To enable a spatial and temporal analysis of mutational processes during disease progression we clustered the somatic SBSs of each patient based on their mutant allele frequency (MAF) at each time point. As these clusters of mutations represent isolated mutational events we can infer clonal dynamics in every patient. In all cases, we defined a cluster of mutations that was present at initial diagnosis and preserved in all subsequent relapse samples, thus representing the mutations in the (pre)malignant founding clone. First relapses were derived from the major (n = 13) or minor (n = 6) clone at initial diagnosis, or were derived from a preleukemic ancestor or a subclone which was not detected at initial diagnosis (n = 8; Fig. S1, Table S5). One first relapse (P0180) contained multiple clones derived from initial diagnosis. Second or third relapses developed from a major clone (n = 16 and n = 5), minor clone (n = 6 and n = 5) or multiple clones (n = 3 and n = 0) of the previous time point (Fig. S1, Table S5). Remarkably, case P0098 shared no mutations between the first and second relapse, other than those already present at initial diagnosis, suggesting that both relapses developed independently from the major clone at initial diagnosis. Clusters of acquired mutations arose in most subsequent relapses and, in 22 cases, in each subsequent relapse included in the study (Fig. S1, Table S5). These findings indicate that a linear progression model applies to the majority of the multiple relapse cases, in which mutation accumulation preceded the outgrowth of new relapses.

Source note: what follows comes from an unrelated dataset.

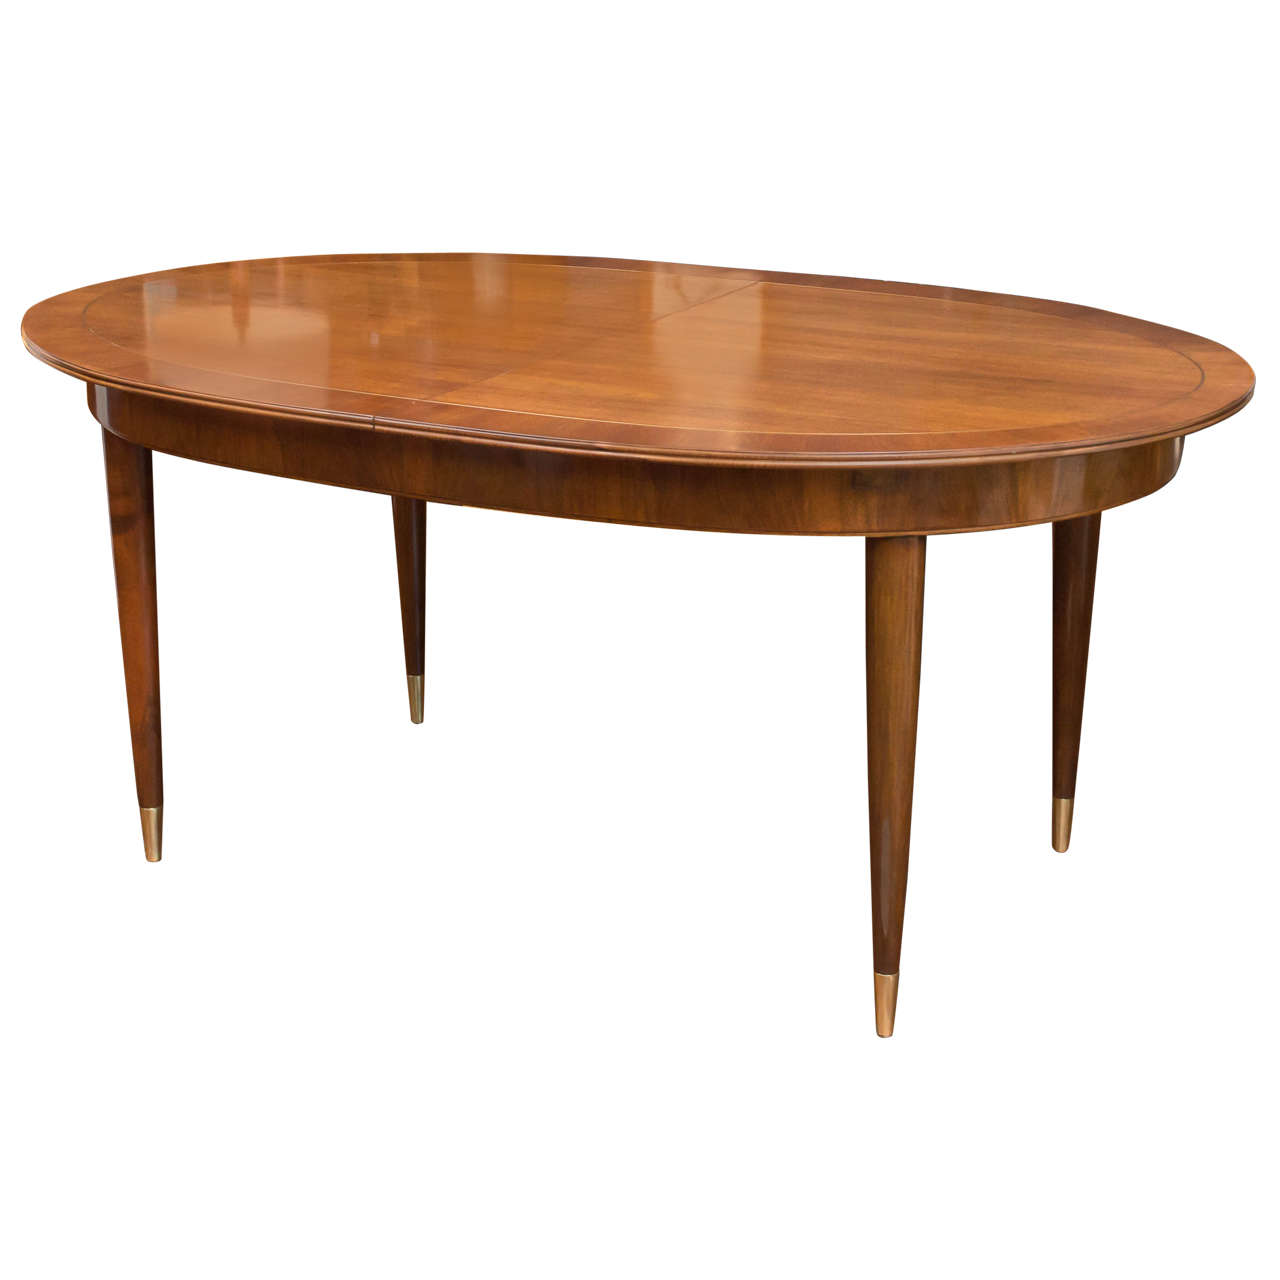 Erno Fabry Dining Table

To validate the accuracy of our mutation calling and clustering procedure with whole genome sequencing data, we selected six patients on which we performed targeted deep resequencing in all collected samples. Of the successfully targeted somatic SBSs, we validated 99.89% (Table S6). The median depth of over 1000x revealed more accurate MAF estimates with a decreased variability of data points at each time point in each cluster (Fig. S2). Overall, cluster assignment was correct for 97.3% of the SBSs (Table S7). As expected, the accuracy of MAF estimates in these six cases was lower for mutations that appeared subclonal (range 56–90%) or absent (range 86–98%) at a time point prior to clonal expansion (Fig. S3, Table S7). Nevertheless, correction of cluster assignment based on the deep sequencing validations had very limited impact on the overall size and mutational profiles (Fig. S3, Table S8). Therefore, we consider our clustering approach on whole genome sequencing-based MAF estimates valid.

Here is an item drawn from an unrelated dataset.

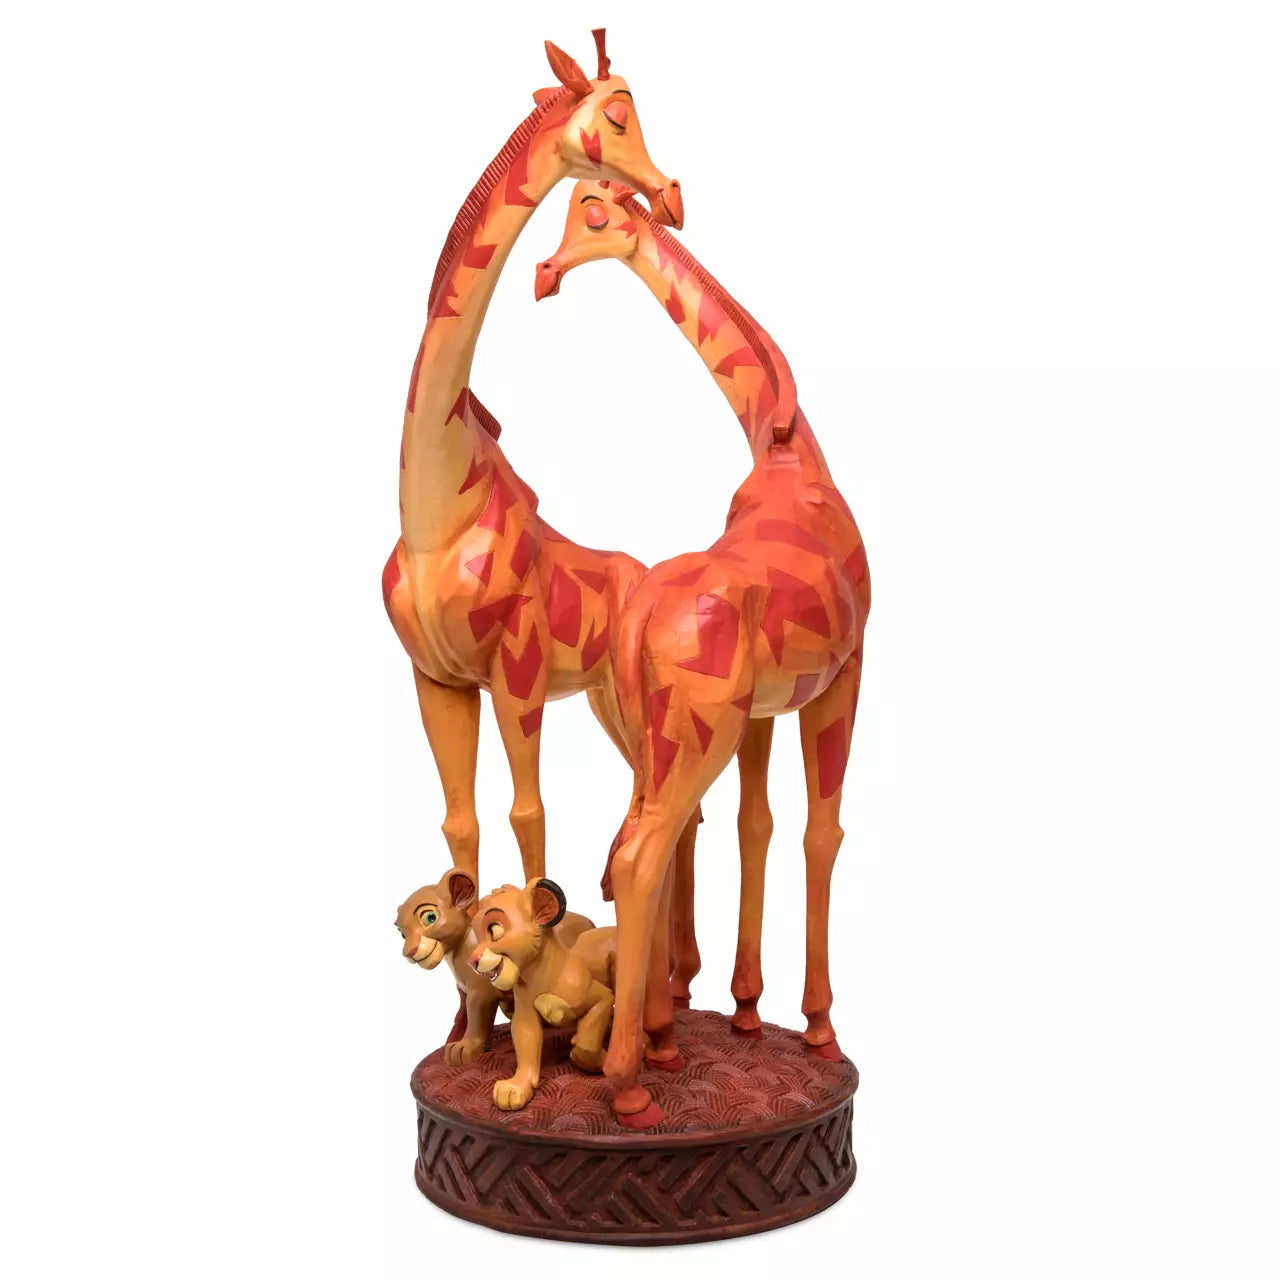 The Lion King 25th Anniversary Figure – Limited Edition

Mutational processes in ALL at diagnosis

To further unravel the processes that were active during disease progression and relapse development in the multiply relapsed ALL patients, we performed mutational signature analysis. Using de novo signature extraction on 133 SBS clusters extracted from the 29 multiply relapsed patients, we identified eight de novo mutational signatures, of which five strongly resembled known SBS signatures found in the curated mutational signatures database by Catalogue Of Somatic Mutations In Cancer (COSMIC) (cosine similarity >0.9) [3]. Two could be explained by a combination of two COSMIC signatures each (SBS2/SBS13 and SBS17a/SBS17b) (Fig. S4) and one de novo signature, SBSA, did not resemble a known COSMIC signature (Table S9). To determine the contribution of mutational processes in our samples, we subsequently applied a strict refit of the nine COSMIC signatures and the de novo signature SBSA to the 133 SBS clusters (Figs. 2D, S1 and S5, Table S10) and an in-house reference cohort of 114 ALL initial diagnosis samples (Table S11).

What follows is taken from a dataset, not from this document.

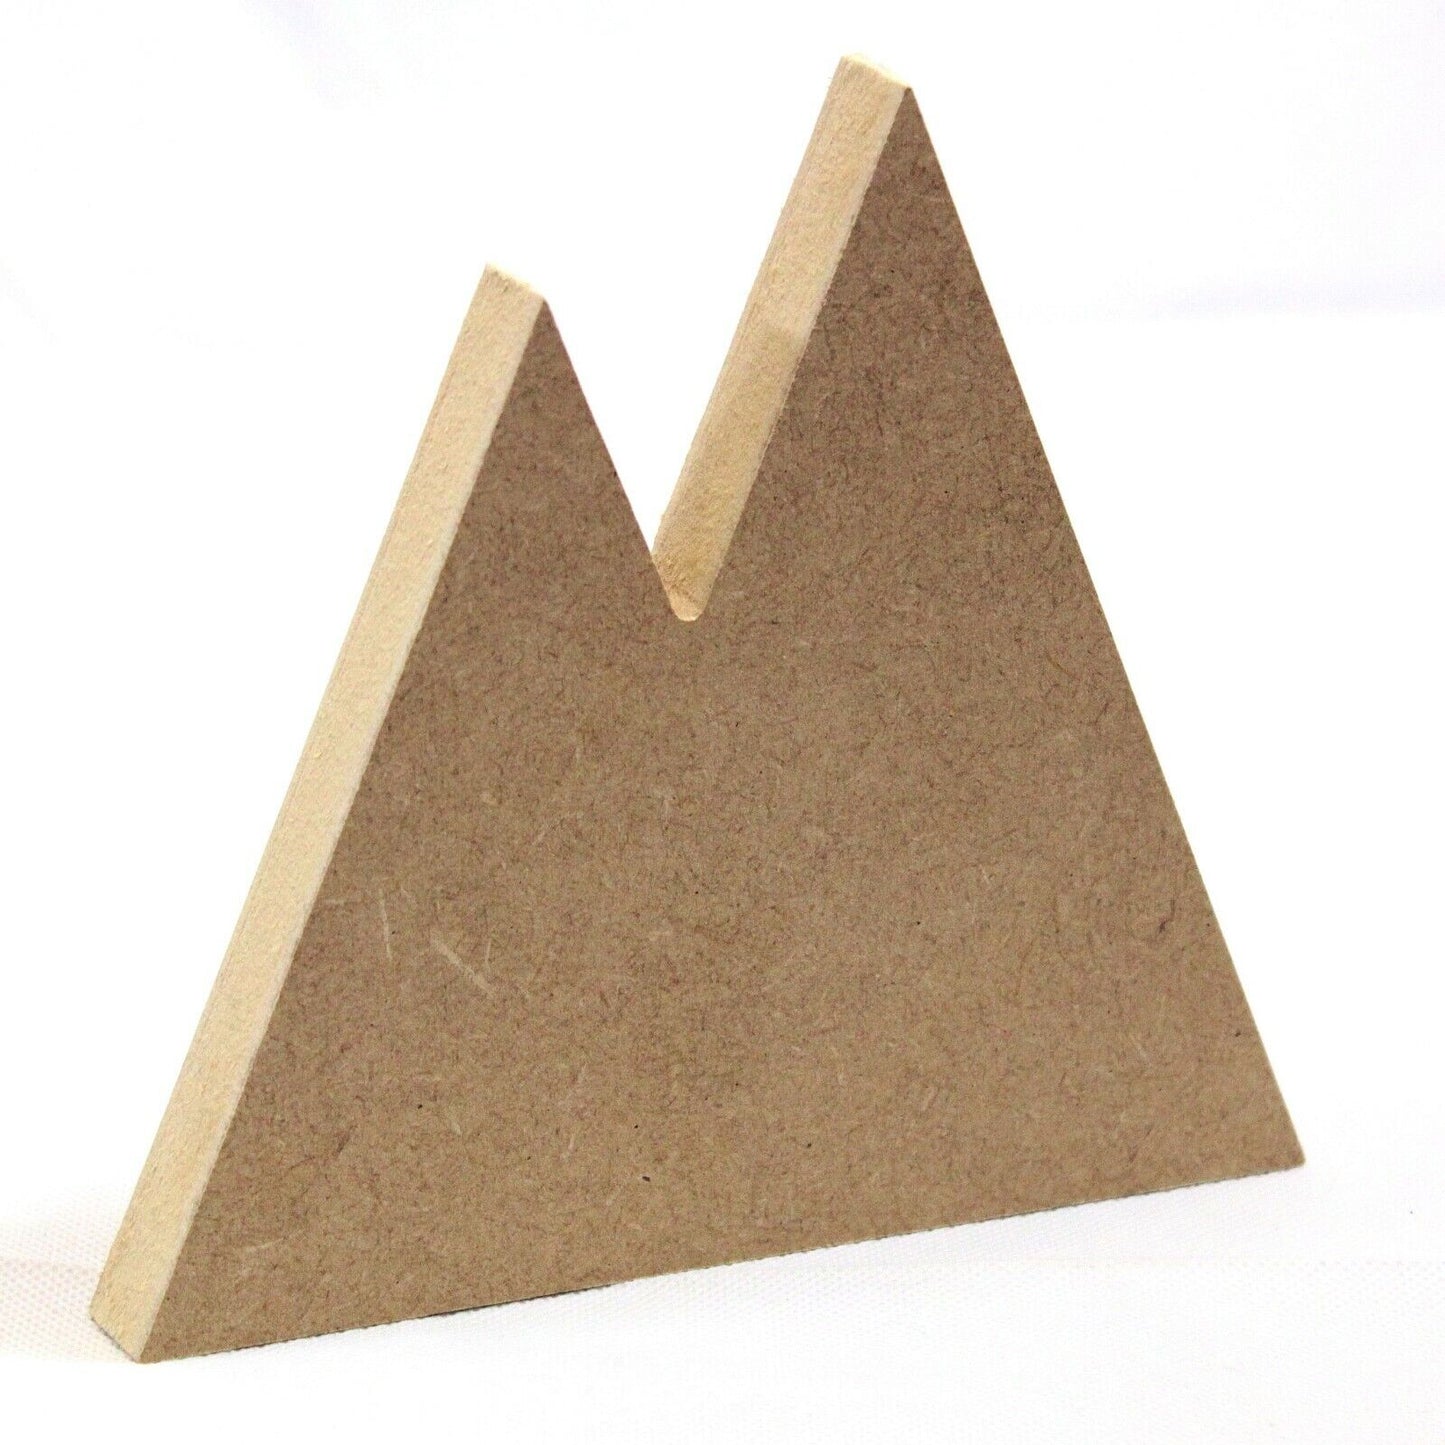 Free Standing 18mm MDF Mountain Craft Shape Various Sizes. 2 Shape Options.

Six of the ten SBS signatures were detected at time of initial diagnosis in the multiply relapsed cohort and the reference cohort, of which SBS1 (90 and 93%, respectively) and SBSA (86 and 86%, respectively) were present in the majority of cases (Tables S10 and S11). SBS18, associated with ROS DNA damage, was detected across various ALL subtypes in 34 and 27% of the diagnosis samples in the multiply relapsed and reference cohorts, respectively. In line with previous data, UV-like DNA damage (SBS7a) was common in iAMP21-positive and hyperdiploid subtypes, and APOBEC mutagenesis (SBS2 and SBS13) was found to be enriched in the ETV6::RUNX1-rearranged subtype (Tables S10 and S11). In our multiply relapsed ALL cohort UV-like damage was also encountered in two B-other cases, and high loads of APOBEC-associated mutations were detected in a BCR::ABL1-like ALL patient with Down syndrome (P0122). Overall we conclude that the same mutational processes affect patients in the reference cohort (36%) and the cohort of multiply relapsed patients (48%), at similar frequency (Fig. 2).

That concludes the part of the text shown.